How I came to Korea
If you click on my profile you'll make a not-so-startling discovery...I was born in Year of the Pig, as they say in the Korean/Chinese calendar. But blogger.com figured it would be more appropriate to call it Year of the Boar/bore...thanks guys.
Anyways, you may be wondering how a fat, lazy, smelly Canadian guy born in a little town waaaaaay up north finds himself in a place like Seoul...and Yeouido, no less, where only a handful of foreigners visit, let alone live and work. The culprit is my wife. She is Korean, as you may know, and when I was doing financial consulting in Canada we came across an interesting client. He found us through his wife's (see a pattern here? Korean women rule the men) reading my column in the Vancouver Chosun (Chosun is the name of the last dynasty to rule Korea--it was ended by the 1910-1945 Japanese occupation) which you'll find here. It's all in Korean, my email and webpage have changed, though. Anyways, this client is a big guy here in Seoul as well as in Canada and wanted (for some reason) to do something for us...so the next time he went to Seoul we went as well (with our first son, second one wasn't around yet).

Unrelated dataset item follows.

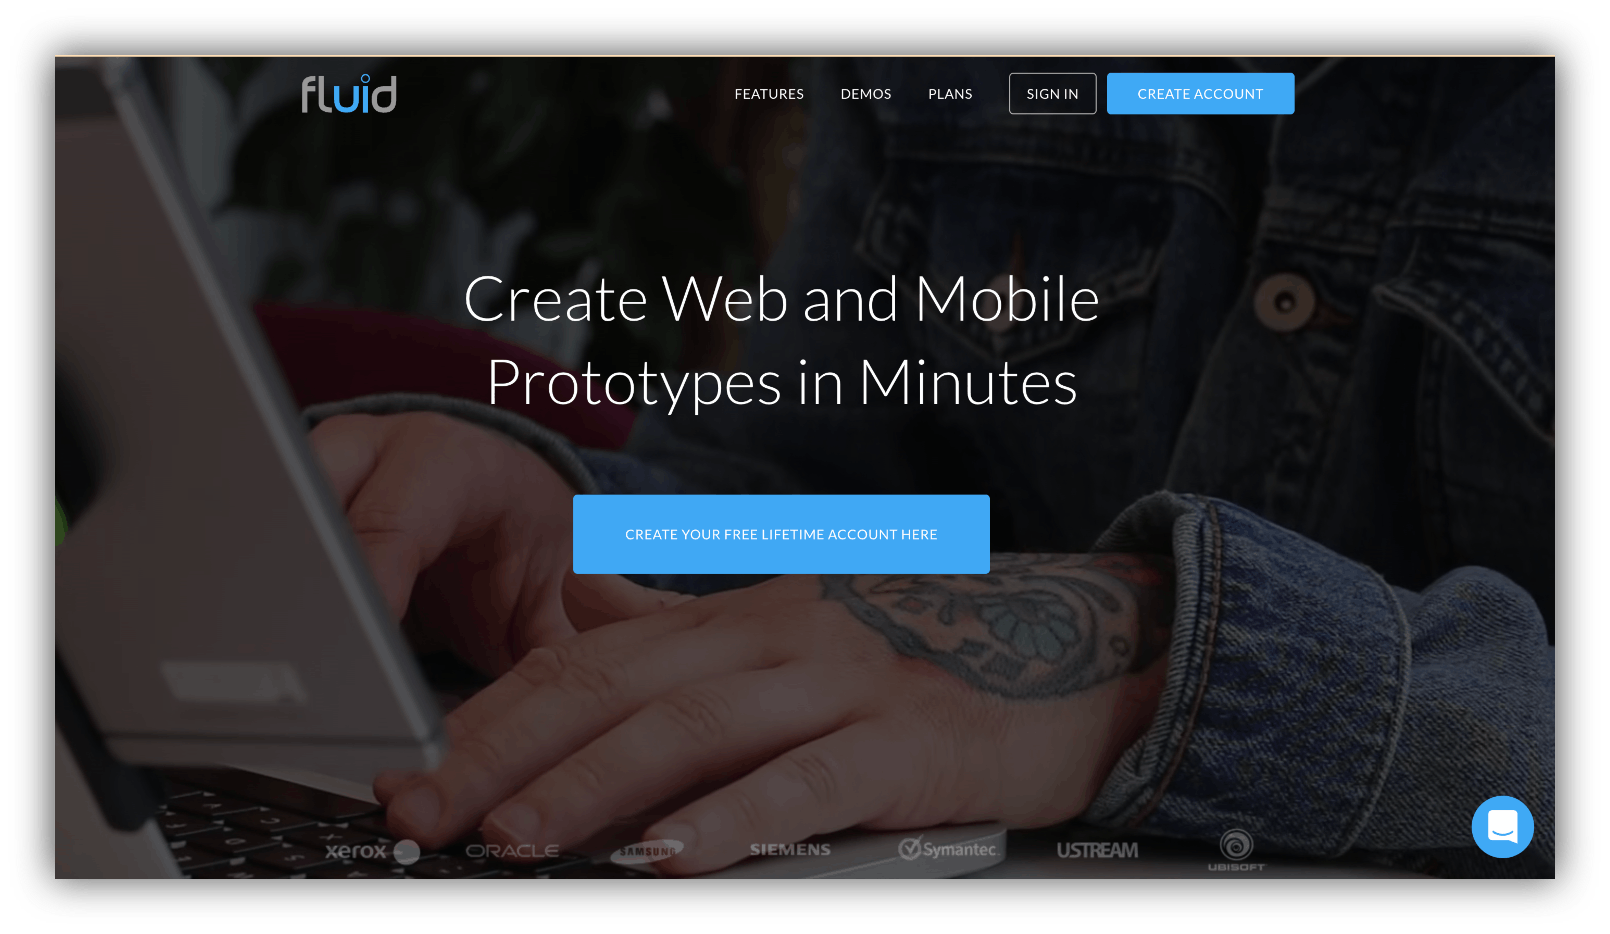 fluidui home page

When we arrived in Seoul for our 2-3 week visit we met his 'godfathers' as he called them. He wasn't mixed up in anything, he just liked the sound of being untouchable. From there we met another guy then another guy and then, the next day, my current CEO. We had what economists call a 'coincidence of wants'. He wanted a foreigner with training and experience in securities and alternative assets and I wanted a guy with the connections to get things done in Seoul. After a week or so of meeting for dinner and such (his English was pretty good and is better now, but my wife did a lot of translation in the first part) he said: "Don't go back to Canada, stay here and work with me." Not work for me...with me. That was interesting. I knew he had a more enlightened view than most Korean bosses right then and there.
So here I am. It's not perfect, I can't speak a lot of the language and sometimes I almost go nuts here what with the differences in culture and business, but it's not bad at all. I also go home every 2 months or so (my wife had baby #2 in Canada and is still there for a bit longer) which means lots of time in airplanes. I always fly Singapore Air but even then, the prospect of being in the air for 100 hours a year is not all that appealing (ya, that's over 4 DAYS flying, over 1% of the year). I do, however, watch about 20-25 movies a year on the plane, which is cool because Singapore Air has individual monitors with on-demand TV and movies for ALL passengers.